Lines of Regression 📉

In Linear Regression, we fit straight lines to the data. But did you know there are generally two regression lines, not one?

Why Two Lines? ✌️

You might think one "best fit" line is enough. However, we minimize errors differently depending on what we want to predict.

[!IMPORTANT] We always pick the line that corresponds to the variable we want to predict (Dependent Variable).

Objective: Minimize errors in Y (vertical distances).
Dependent Variable: Y
Independent Variable: X
Equation:
```
Y = a + bX
```
Key Statistic: byx (Regression Coefficient of Y on X).

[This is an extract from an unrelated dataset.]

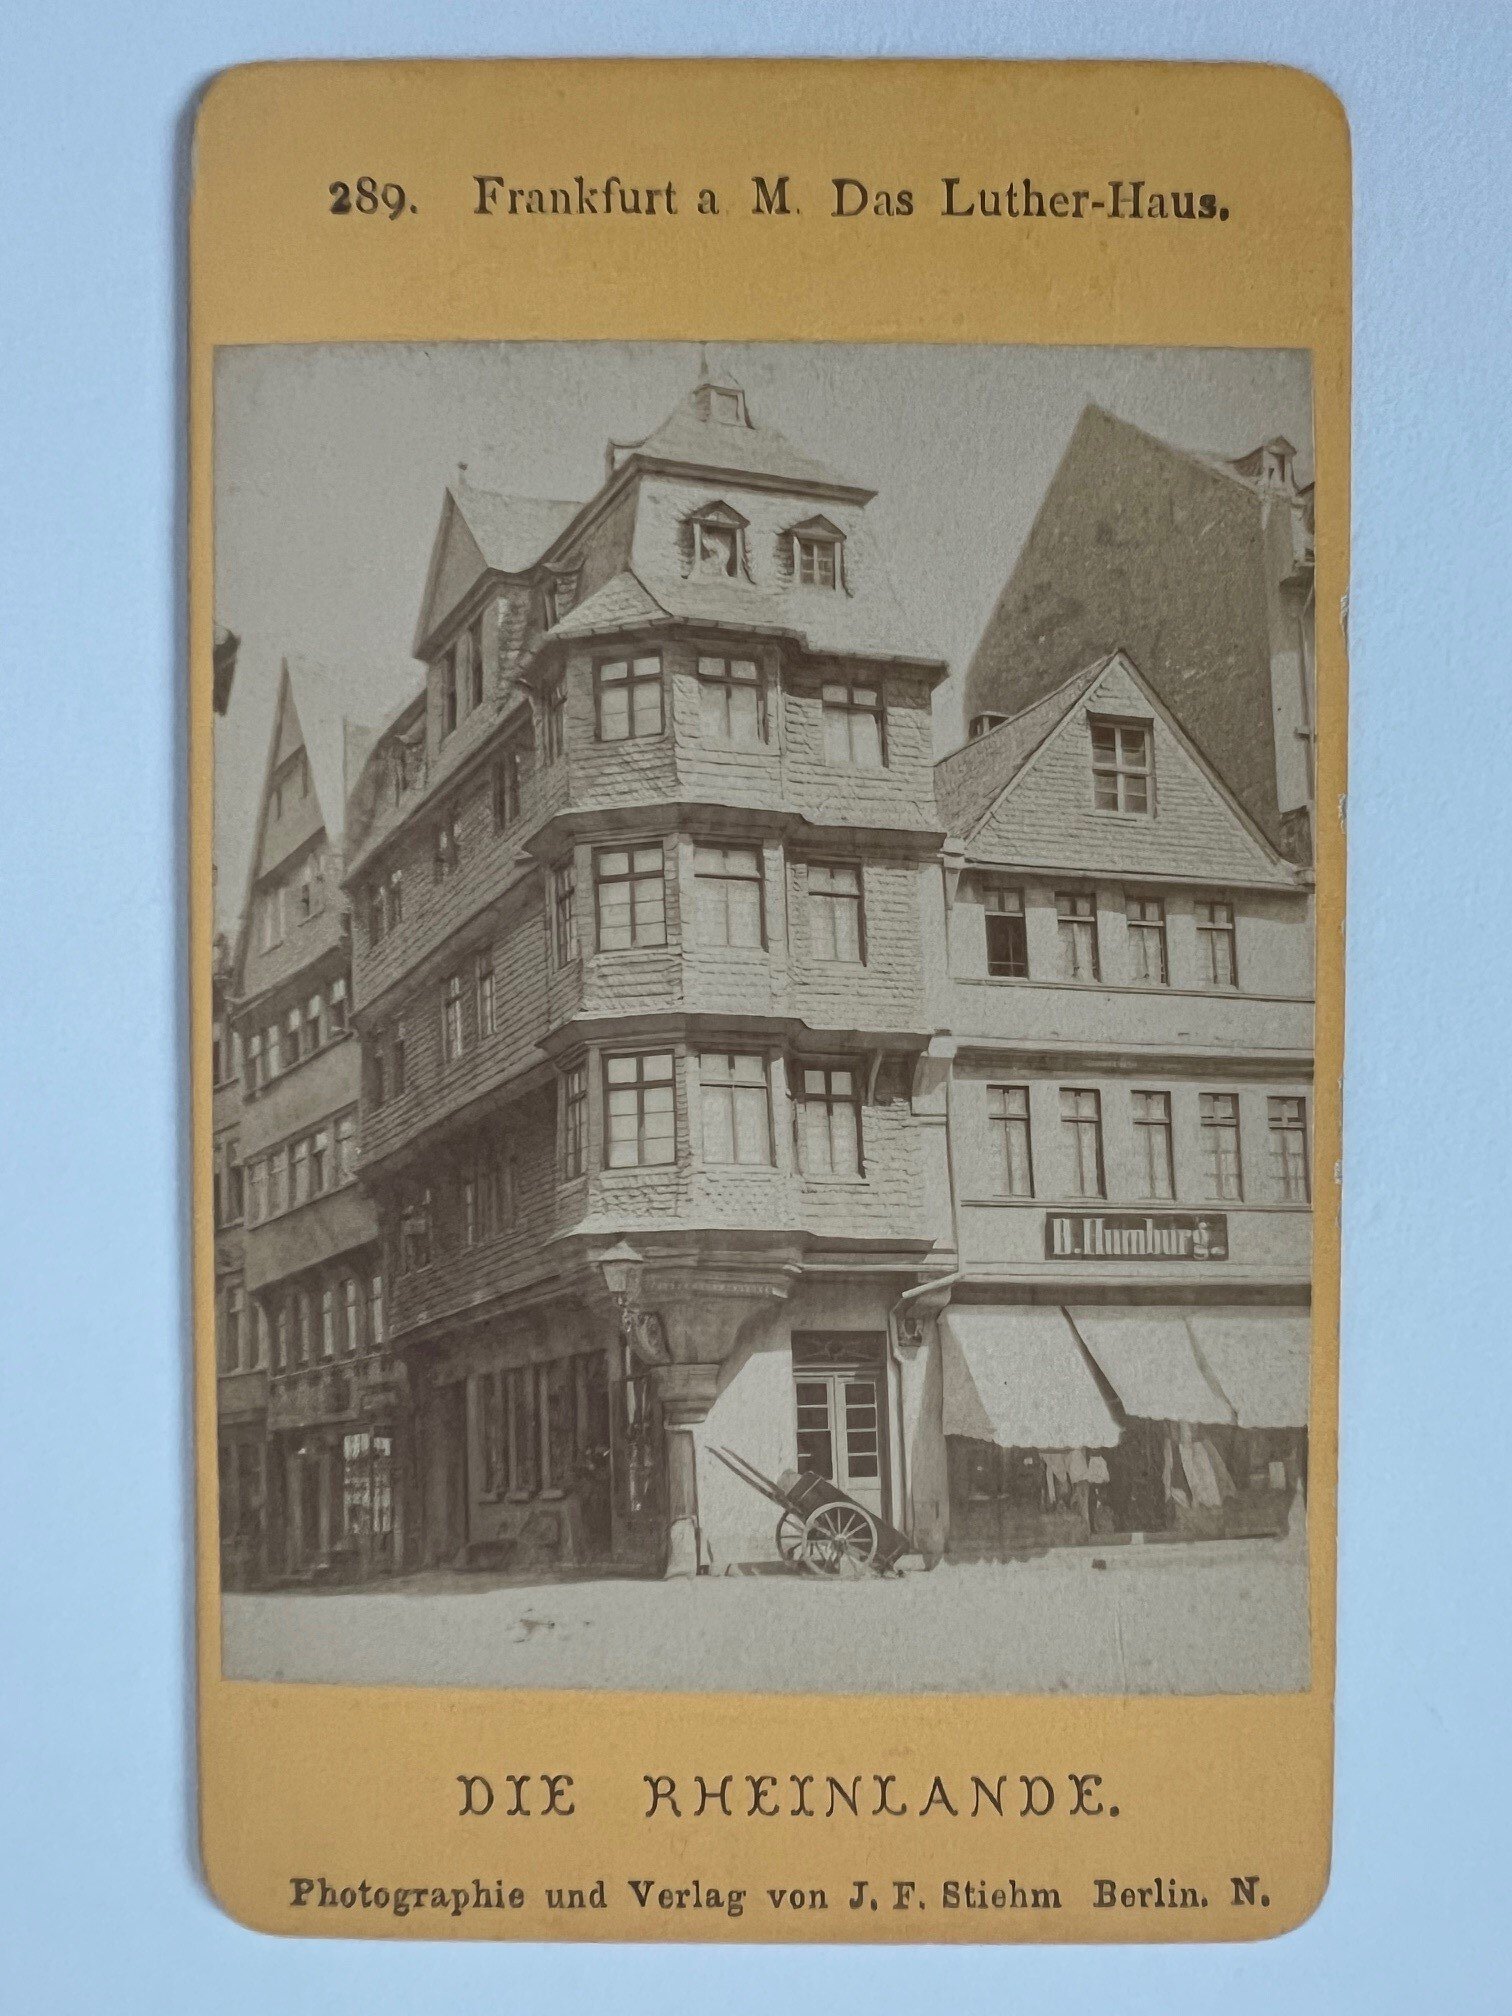 CdV, Johann Friedrich Stiehm, Frankfurt, Nr. 289, Das Luther-Haus, ca. 1880. (Taunus-Rhein-Main - Regionalgeschichtliche Sammlung Dr. Stefan Naas CC BY-NC-SA)

It tells us how much Y changes for a unit change in X.

Objective: Minimize errors in X (horizontal distances).
Dependent Variable: X
Independent Variable: Y
Equation:
```
X = a + bY
```
Key Statistic: bxy (Regression Coefficient of X on Y). It tells us how much X changes for a unit change in Y.

If you plot both regression lines on the same graph:

Intersection: They intersect at the point of means (X̄, Ȳ).
Coincidence: If r = ± 1 (Perfect Correlation), both lines overlap and become one single line.
Perpendicular: If r = 0 (No Correlation), the lines cut each other at 90 degrees (perpendicular). Y on X becomes horizontal, X on Y becomes vertical.

Two Regression Lines (Imagine a graph where two lines cross at the average values of X and Y)

Mathematically, the "Line of Best Fit" minimizes the sum of squared deviations (Least Squares Method).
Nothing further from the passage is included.